Jacques Mattheij made a small, but awesome, mistake. He went on eBay one evening and bid on a bunch of bulk LEGO brick auctions, then went to sleep. Upon waking, he discovered that he was the high bidder on many, and was now the proud owner of two tons of LEGO bricks. (This is about 4400 pounds.) He wrote, "[L]esson 1: if you win almost all bids you are bidding too high."

Mattheij had noticed that bulk, unsorted bricks sell for something like €10/kilogram, whereas sets are roughly €40/kg and rare parts go for up to €100/kg. Much of the value of the bricks is in their sorting. If he could reduce the entropy of these bins of unsorted bricks, he could make a tidy profit. While many people do this work by hand, the problem is enormous—just the kind of challenge for a computer. Mattheij writes:

There are 38000+ shapes and there are 100+ possible shades of color (you can roughly tell how old someone is by asking them what lego colors they remember from their youth).

In the following months, Mattheij built a proof-of-concept sorting system using, of course, LEGO. He broke the problem down into a series of sub-problems (including "feeding LEGO reliably from a hopper is surprisingly hard," one of those facts of nature that will stymie even the best system design). After tinkering with the prototype at length, he expanded the system to a surprisingly complex system of conveyer belts (powered by a home treadmill), various pieces of cabinetry, and "copious quantities of crazy glue."

Here's a video showing the current system running at low speed:

The key part of the system was running the bricks past a camera paired with a computer running a neural net-based image classifier. That allows the computer (when sufficiently trained on brick images) to recognize bricks and thus categorize them by color, shape, or other parameters. Remember that as bricks pass by, they can be in any orientation, can be dirty, can even be stuck to other pieces. So having a flexible software system is key to recognizing—in a fraction of a second—what a given brick is, in order to sort it out. When a match is found, a jet of compressed air pops the piece off the conveyer belt and into a waiting bin.

After much experimentation, Mattheij rewrote the software (several times in fact) to accomplish a variety of basic tasks. At its core, the system takes images from a webcam and feeds them to a neural network to do the classification. Of course, the neural net needs to be "trained" by showing it lots of images, and telling it what those images represent.
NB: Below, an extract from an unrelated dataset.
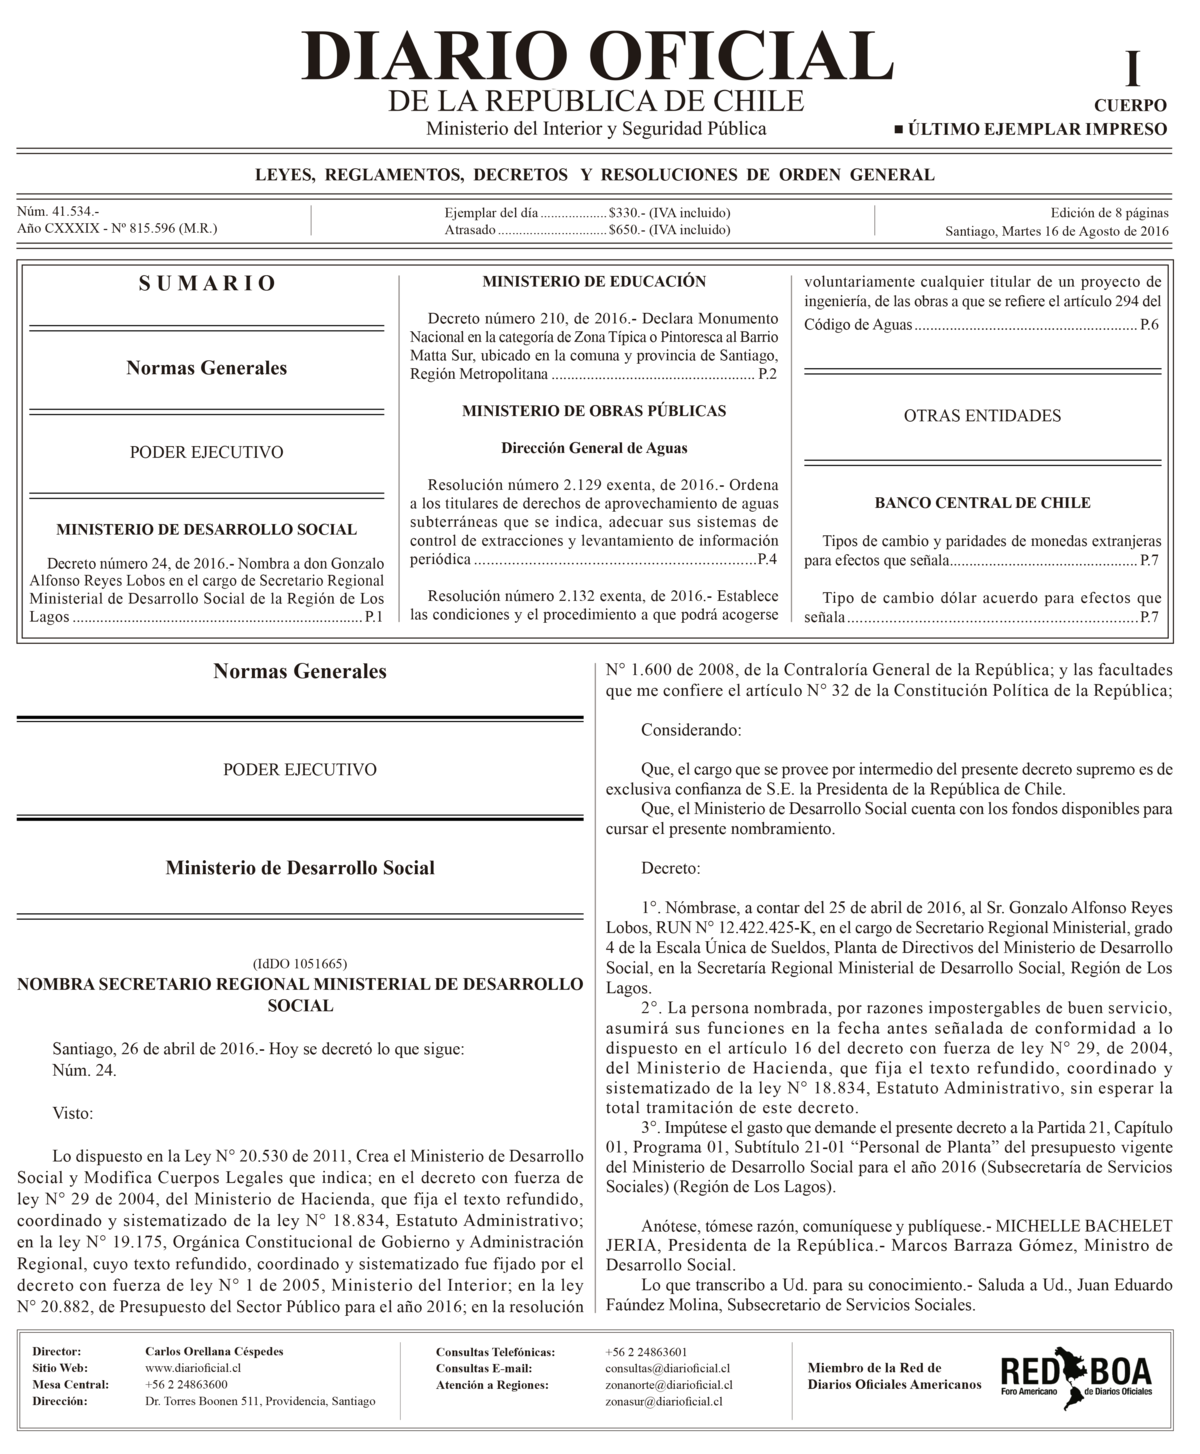 Diario oficial de la rep blica de chile wikipedia la for Ministerio del interior pagina oficial

Mattheij's breakthrough was allowing the machine to effectively train itself, with guidance: Running pieces through allows the system to take its own photos, make a guess, and build on that guess. As long as Mattheij corrects the incorrect guesses, he ends up with a decent (and self-reinforcing) corpus of training data. As the machine continues running, it can rack up more training, allowing it to recognize a broad variety of pieces on the fly.

Here's another video, focusing on how the pieces move on conveyer belts (running at slow speed so puny humans can follow). You can also see the air jets in action:

In an email interview, Mattheij told Mental Floss that the system currently sorts LEGO bricks into more than 50 categories. It can also be run in a color-sorting mode to bin the parts across 12 color groups. (Thus at present you'd likely do a two-pass sort on the bricks: once for shape, then a separate pass for color.) He continues to refine the system, with a focus on making its recognition abilities faster. At some point down the line, he plans to make the software portion open source. You're on your own as far as building conveyer belts, bins, and so forth.

Check out Mattheij's writeup in two parts for more information. It starts with an overview of the story, followed up with a deep dive on the software. He's also tweeting about the project (among other things). And if you look around a bit, you'll find bulk LEGO brick auctions online—it's definitely a thing!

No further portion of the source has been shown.